Новиков Алексей Никандрович

Шрифт:

– Две большие части поэмы впереди, – уклончиво отвечал Гоголь. Вопрос Белинского предвосхитил его мысли. – Почему ж не спросите вы и о Плюшкине, например, или о многих других? Открою вам за тайну: прежде всего самому автору нужно заняться воспитанием душевным. Только тогда возродятся его герои. Но все это – далеко впереди, так далеко, что сам не вижу всего пути.

Гоголь говорил тихим голосом, прерывая речь кратким молчанием. Казалось, он слышит то, чего не дано слышать собеседнику. Участвуя в разговоре, уходил в себя: словно бы ничтожны стали все речи перед величием истины, ему открывшейся.

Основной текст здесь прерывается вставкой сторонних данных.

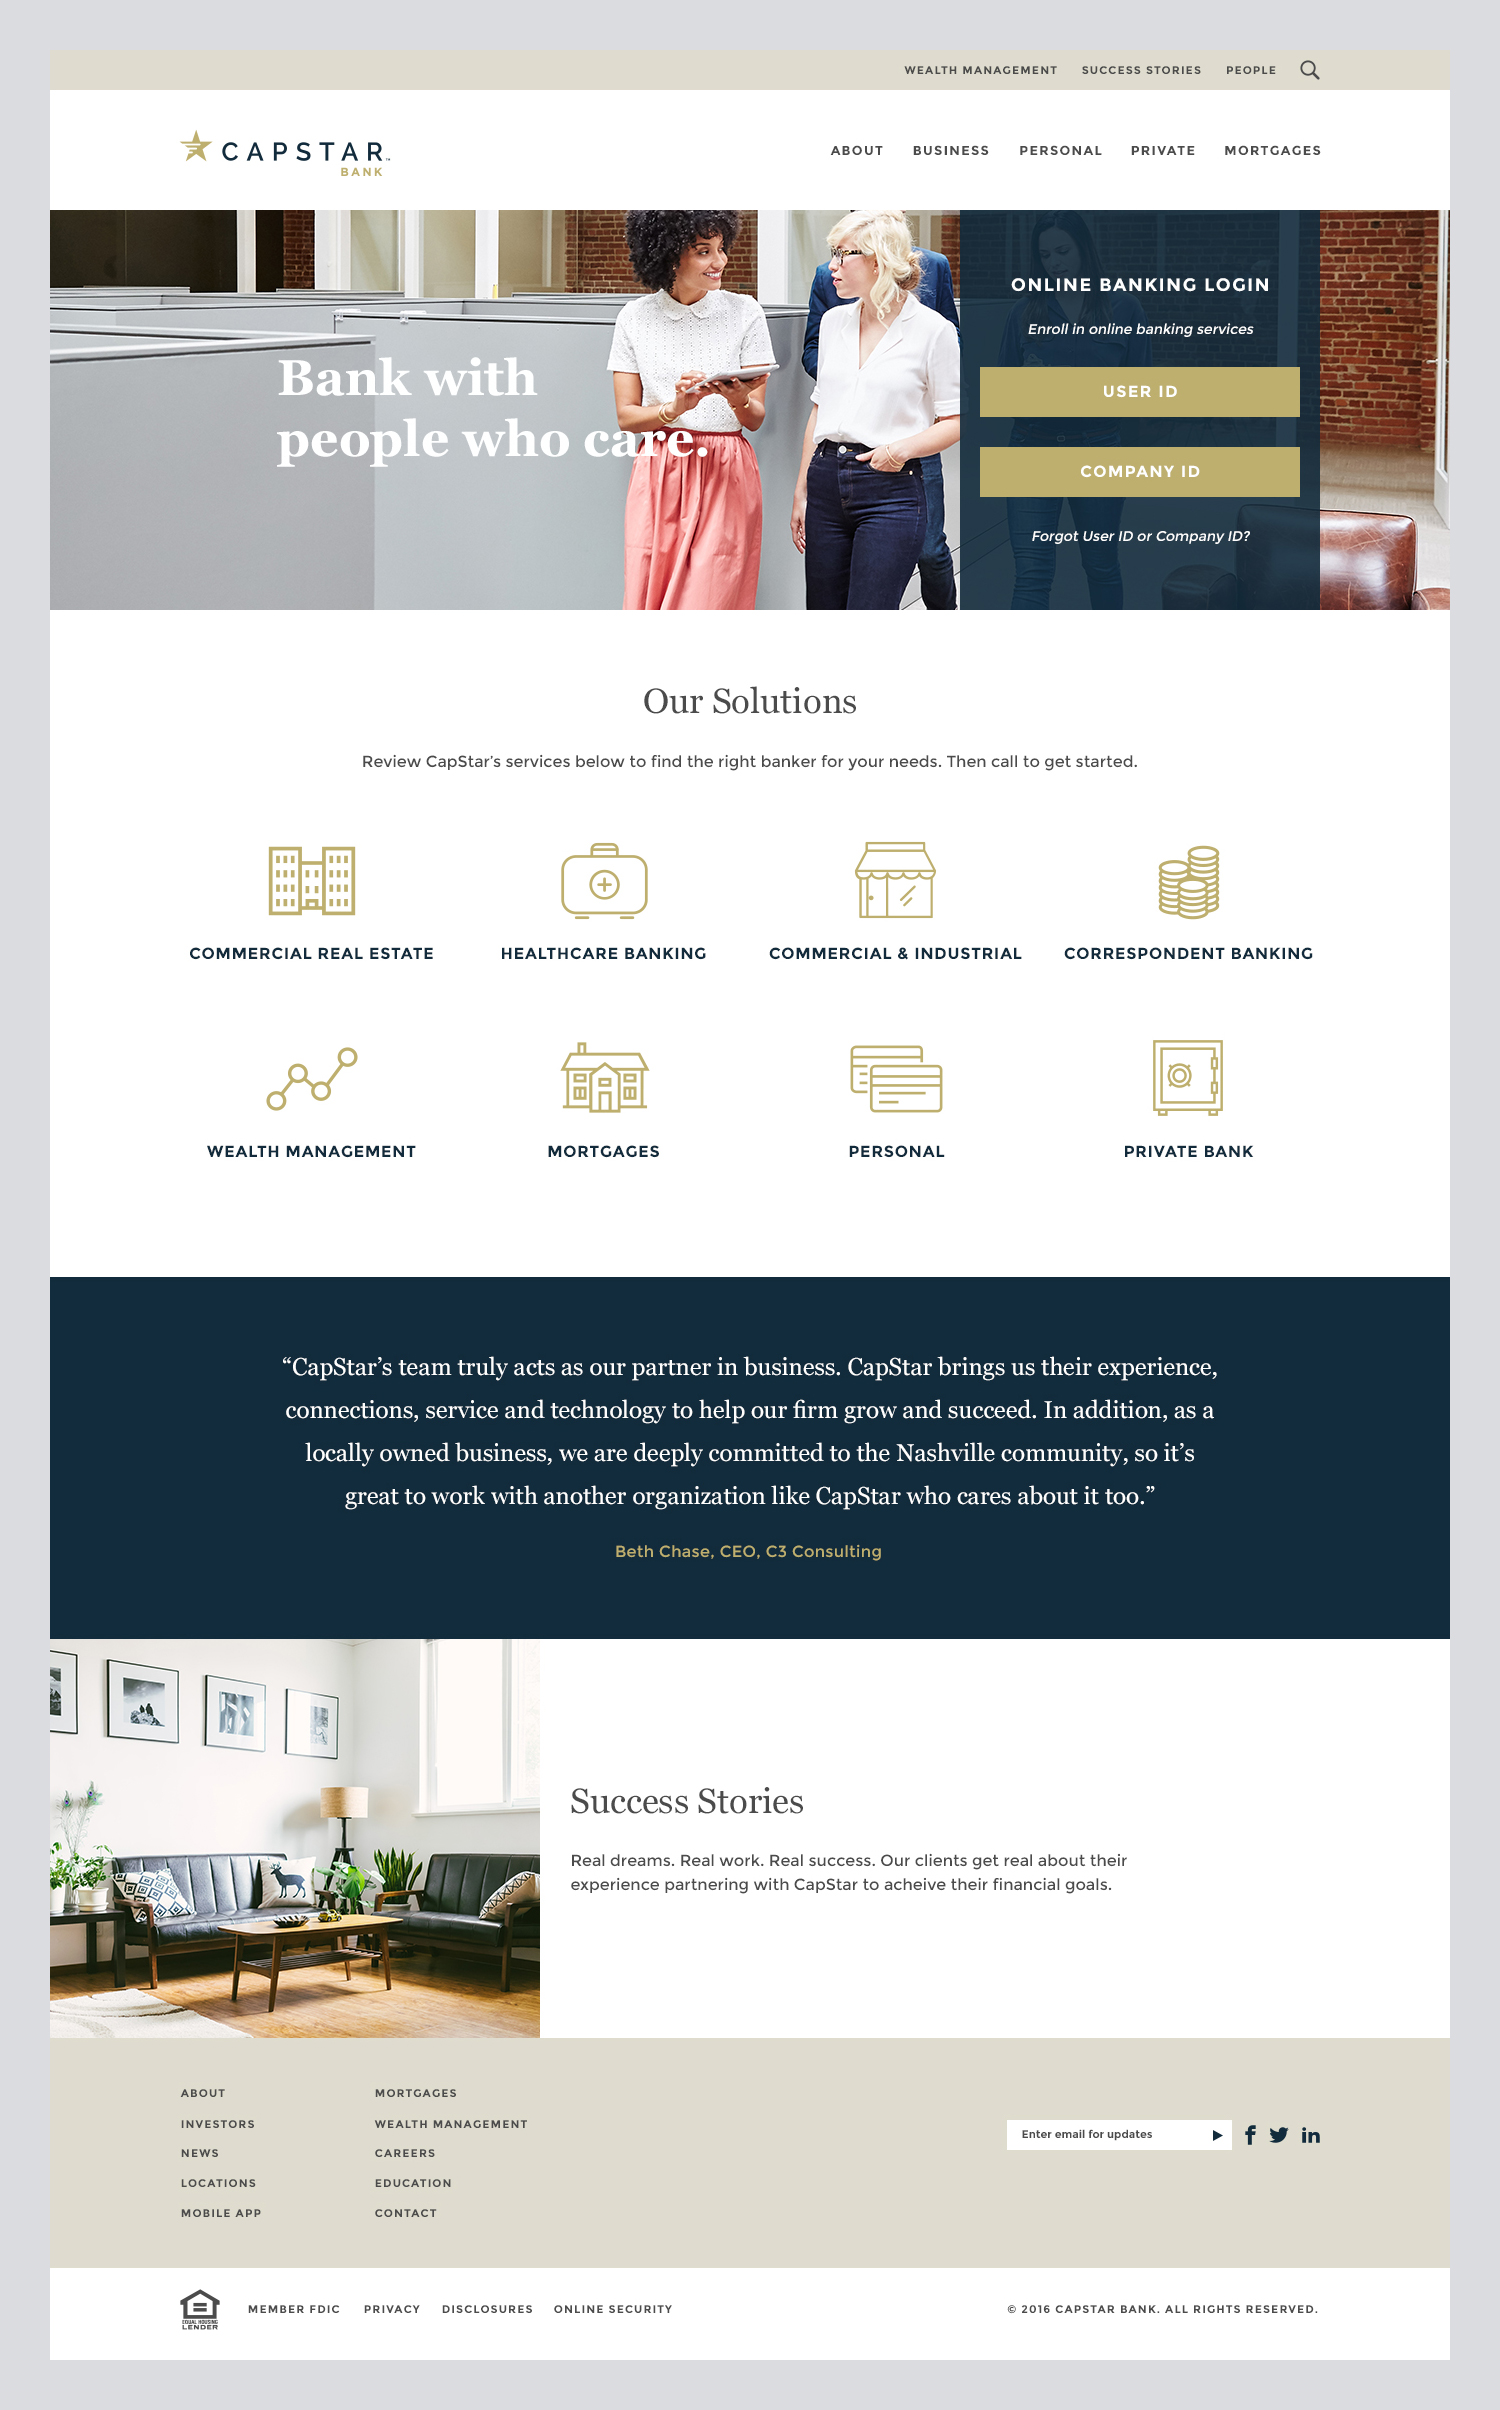 CapStar Bank Website -

– Поверьте мне, – снова начал Гоголь, – тайна существования не только Чичикова, но даже Плюшкина сама собой разрешится, когда придет время. Полное значение лирических намеков в поэме не раньше раскроется всем, как выйдет последняя часть. До тех пор опрометчиво будет всякое слово, как тщетны и попытки наши примирить мечтания с существующими настроениями. Все мы должны для этого нравственно возродиться.

– Не вернее ли было бы для начала, Николай Васильевич, истребить те проклятые неустройства? Иначе каждый Чичиков всегда останется Чичиковым, разве только станет больше и удачнее приобретать. Жизнь свидетельствует о том с неумолимой очевидностью.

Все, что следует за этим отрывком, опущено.